For StateInitialization, I thought that one way to work around this would be to replace it with an EventDrivenActivity and a zero-delay timer. I'm stuck with what to do about StateFinalization.
So - does anyone have any ideas about how to get a State Finalization Activity to always run, even for non-leaf states?
Its unfortunate that the structure of "nested states" is one of a "parent" containing "children", the designer UI re-enforces this concept. Hence its quite natural and intuative to think the way you are thinking. Its unfortunate because its wrong.

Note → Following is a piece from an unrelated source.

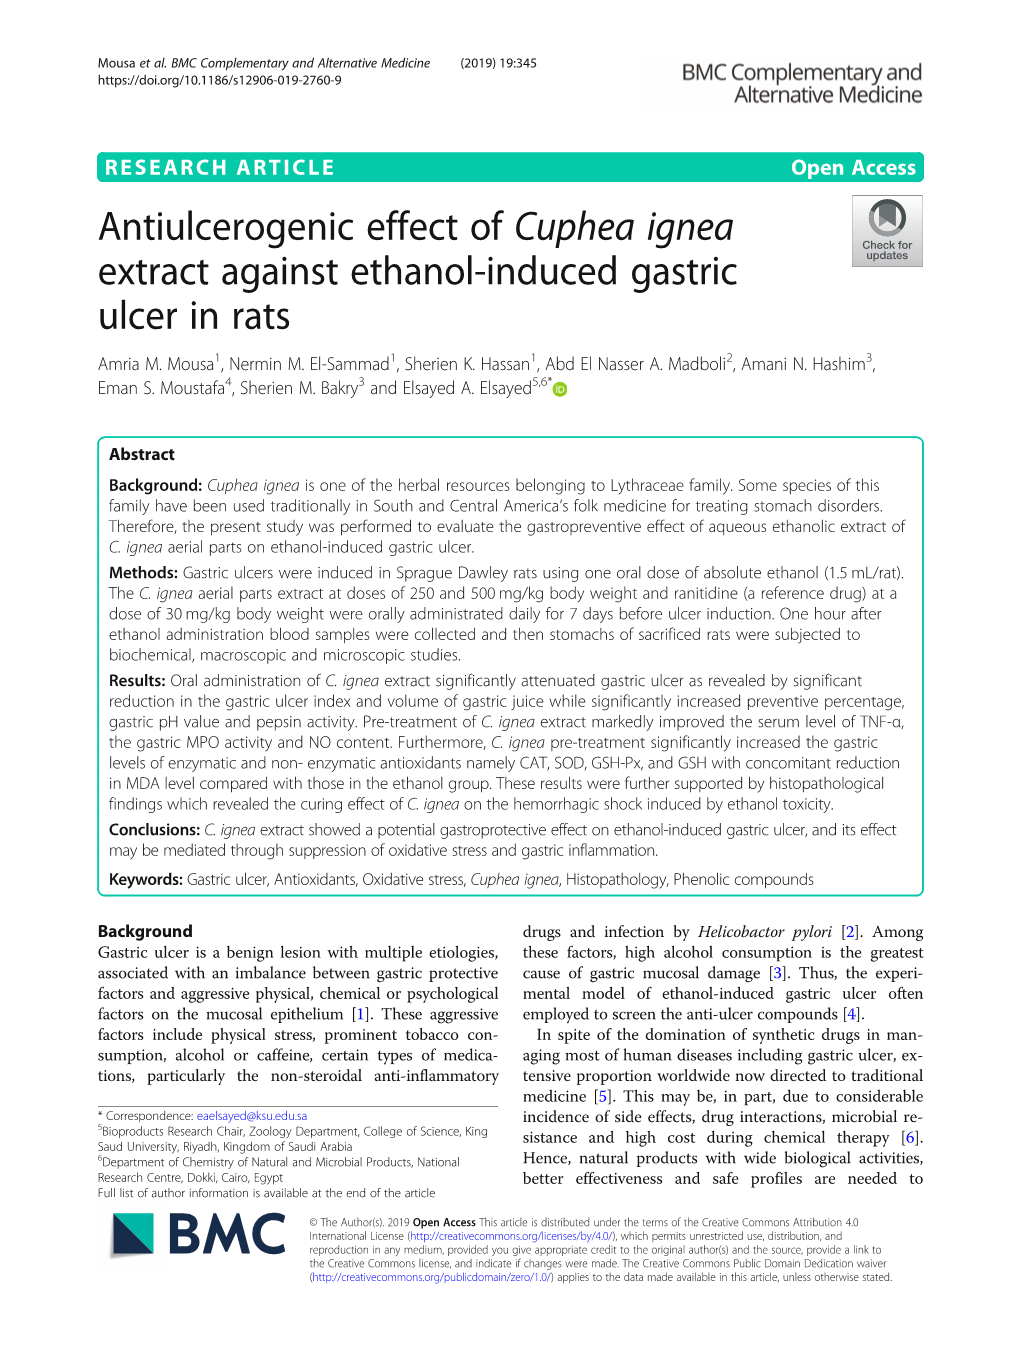 Antiulcerogenic Effect of Cuphea Ignea Extract Against Ethanol-Induced Gastric Ulcer in Rats Amria M
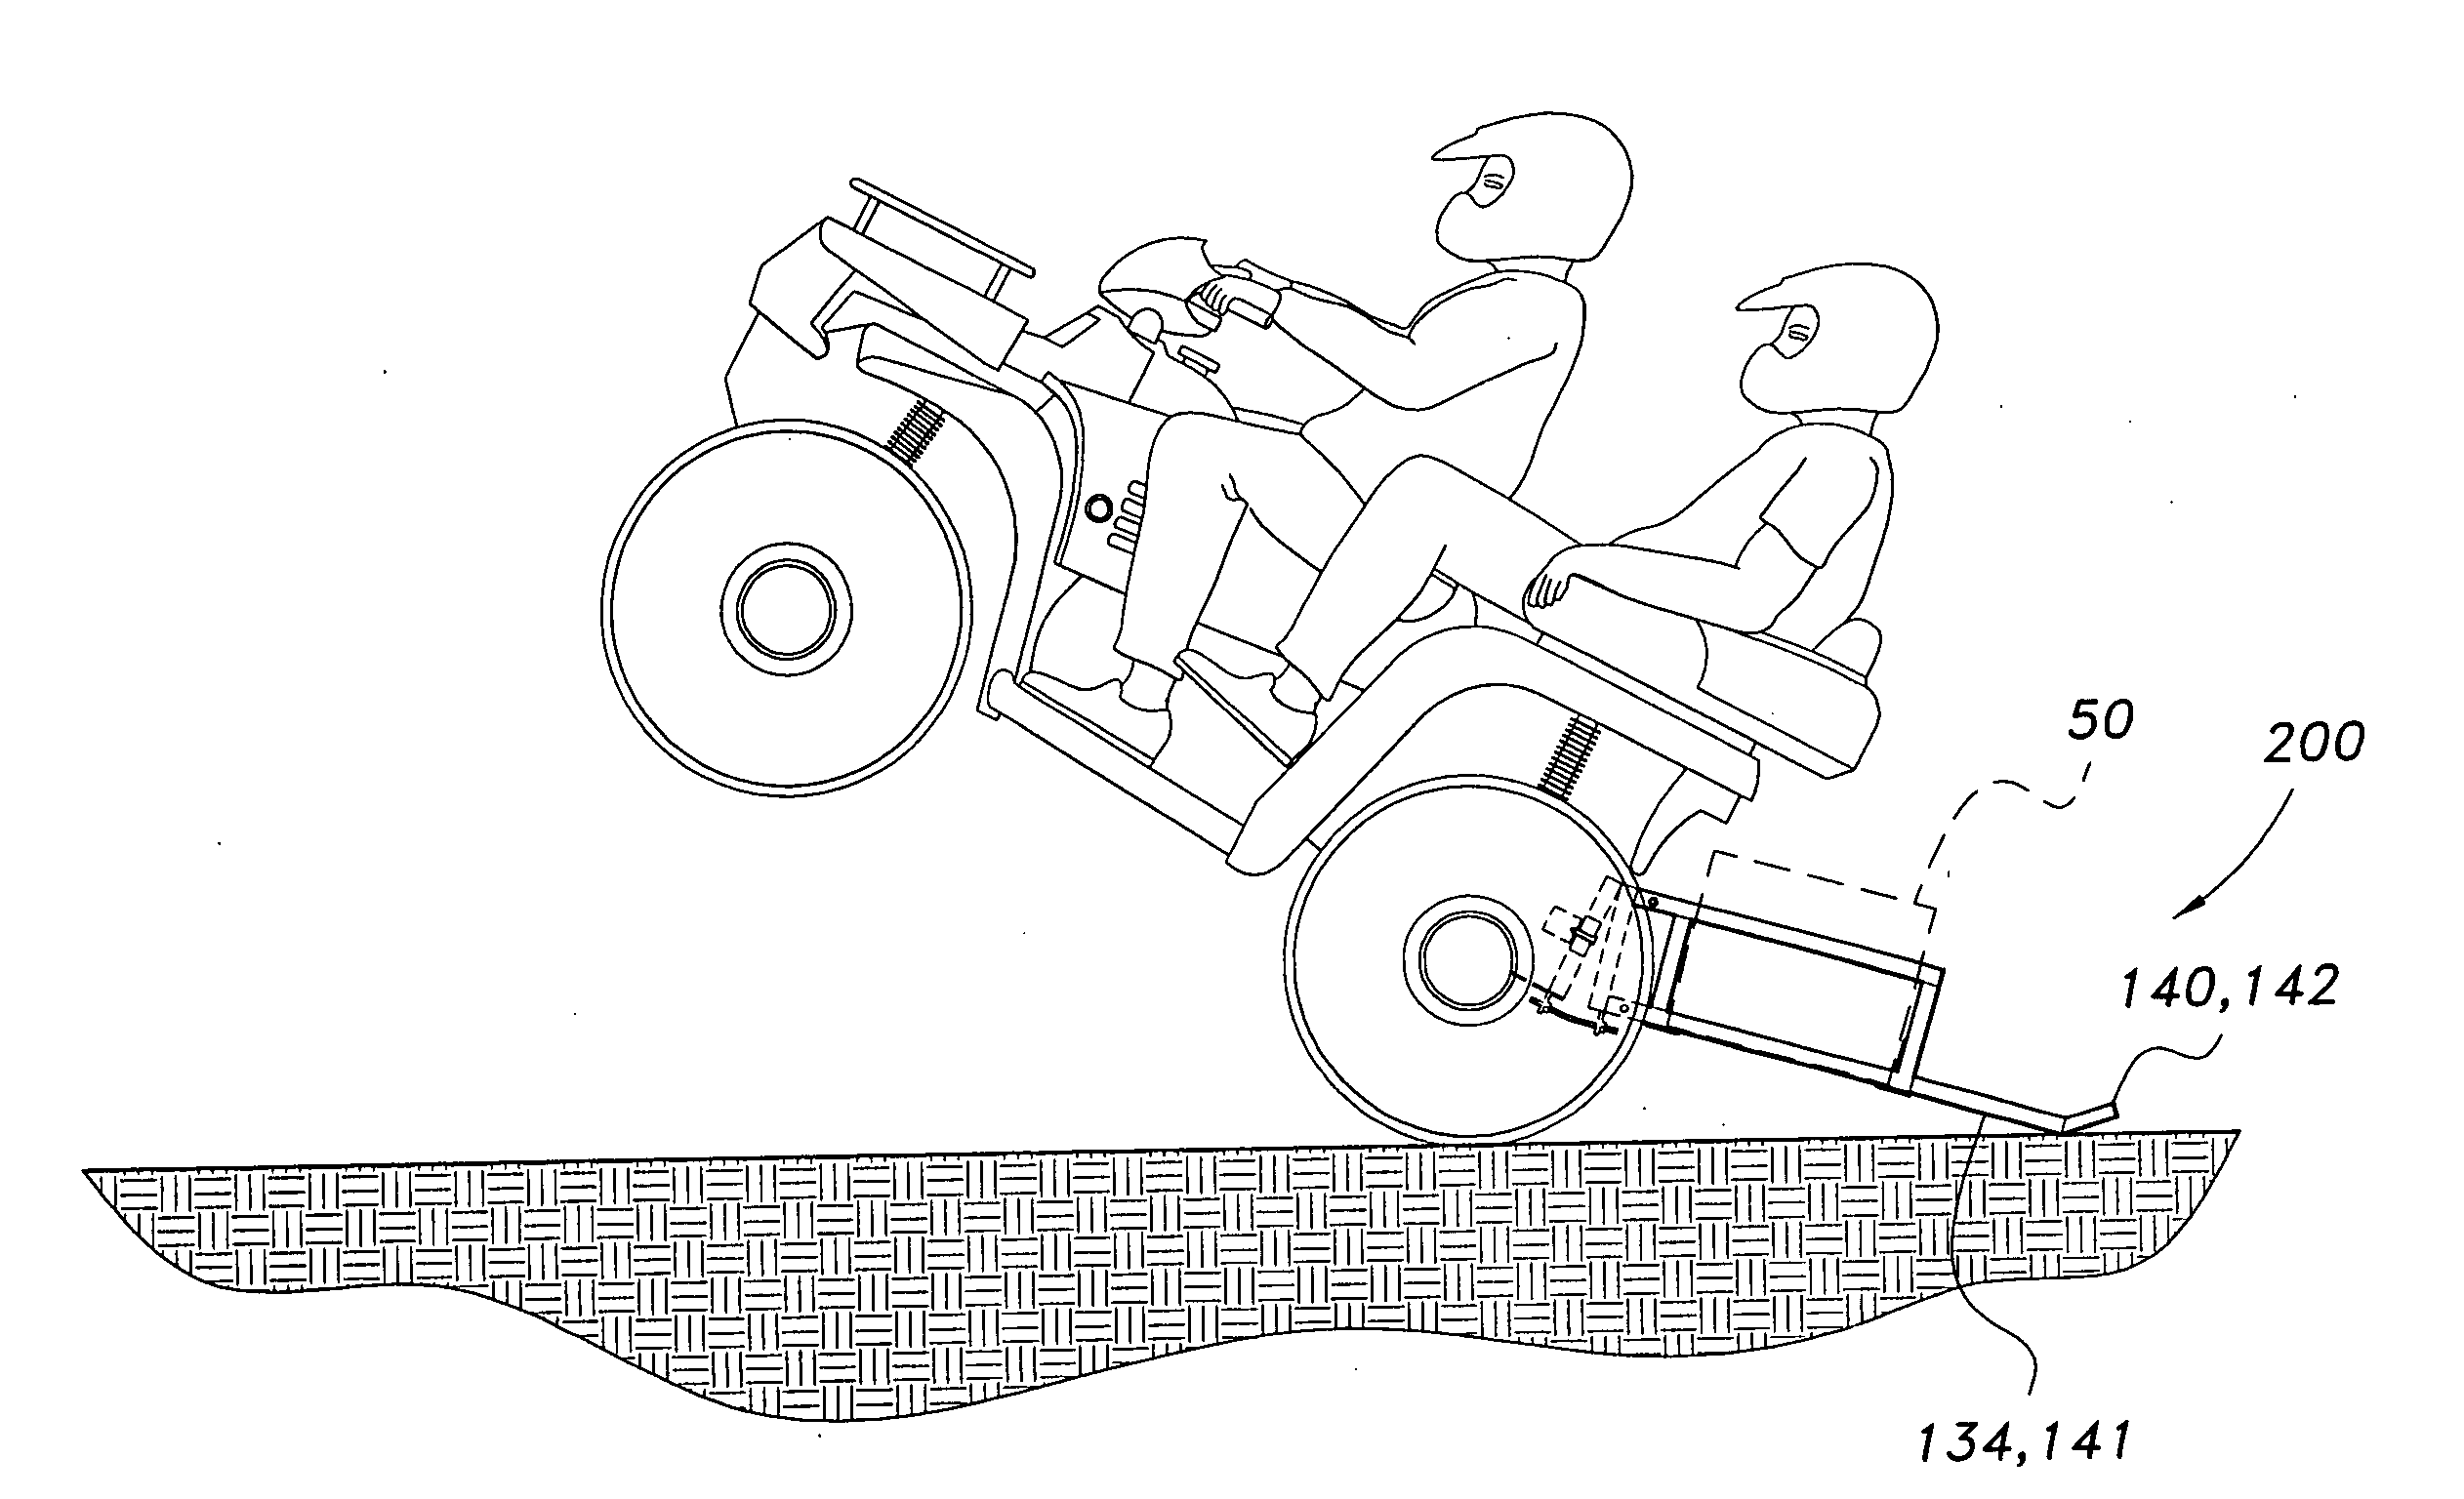 All terrain vehicle safety attachment with gas tank holder

The true relationship is one of "General" -> "Specific". Its in effect a hierachical class structure. Consider a much more familar such relationship:-
public class MySuperClass
{
public MySuperClass(object parameter) { }
protected void DoSomething() { }
}
public class MySubClass : MySuperClass
{
protected void DoSomethingElse() { }
}
Here MySubClass inherits DoSomething from SuperClass. The above though is broken because the SuperClass doesn't have a default constructor. Also parameterised constructor of SuperClass is not inherited by SubClass. In fact logically a sub-class never inherits the constructors (or destructors) of the super-class. (Yes there is some magic wiring up default constructors but thats more sugar than substance).
Similarly the relationship between StateAcivities contained with another StateActivity is actually that the contained activity is a specialisation of the container. Each contained activity inherits the set of event driven activities of the container. However, each contained StateActivity is a first class discrete state in the workflow same as any other state.
The containing activity actual becomes an abstract, it can not be transitioned to and importantly there is no real concept of transition to a state "inside" another state. By extension then there is no concept of leaving such an outer state either. As a result there is no initialization or finalization of the containing StateActivity.
A quirk of the designer allows you to add a StateInitialization and StateFinalization then add StateActivities to a state. If you try it the other way round the designer won't let you because it knows the Initialization and Finalization will never be run.
I realise this doesn't actually answer your question and I'm loath to say in this case "It can't be done" but if it can it will be a little hacky.
OK, so here’s what I decided to do in the end. I created a custom tracking service which looks for activity events corresponding to entering or leaving the states which are involved in communication with end users. This service enters decisions for the user into a database when the state is entered and removes them when the state is left. The user can query the database to see what decisions the workflow is waiting on. The workflow listens for user responses using a ReceiveActivity in an EventDrivenActivity. This also works for decisions in parent ‘superstates’. This might not be exactly what a "Tracking Service" is meant to be for, but it seems to work
I've thought of another way of solving the problem. Originally, I had in mind that for communications I would use the WCF-integrated SendActivity and ReceiveActivity provided in WF 3.5.
However, in the end I came to the conclusion that it's easier to ignore these activities and implement your own IEventActivity with a local service. IEventActivity.Subscribe can be used to indicate to users that there is a question for them to answer and IEventActivity.Unsubscribe can be used to cancel the question. This means that separate activities in the State's inialization and finalization blocks are not required. The message routing is done manually using workflow queues and the user's response is added to the queue with appropriate name. I used Guid's for the queue names, and these are passed to the user during the IEventActivity.Subscribe call.
I used the 'File System Watcher' example in MSDN to work out how to do this.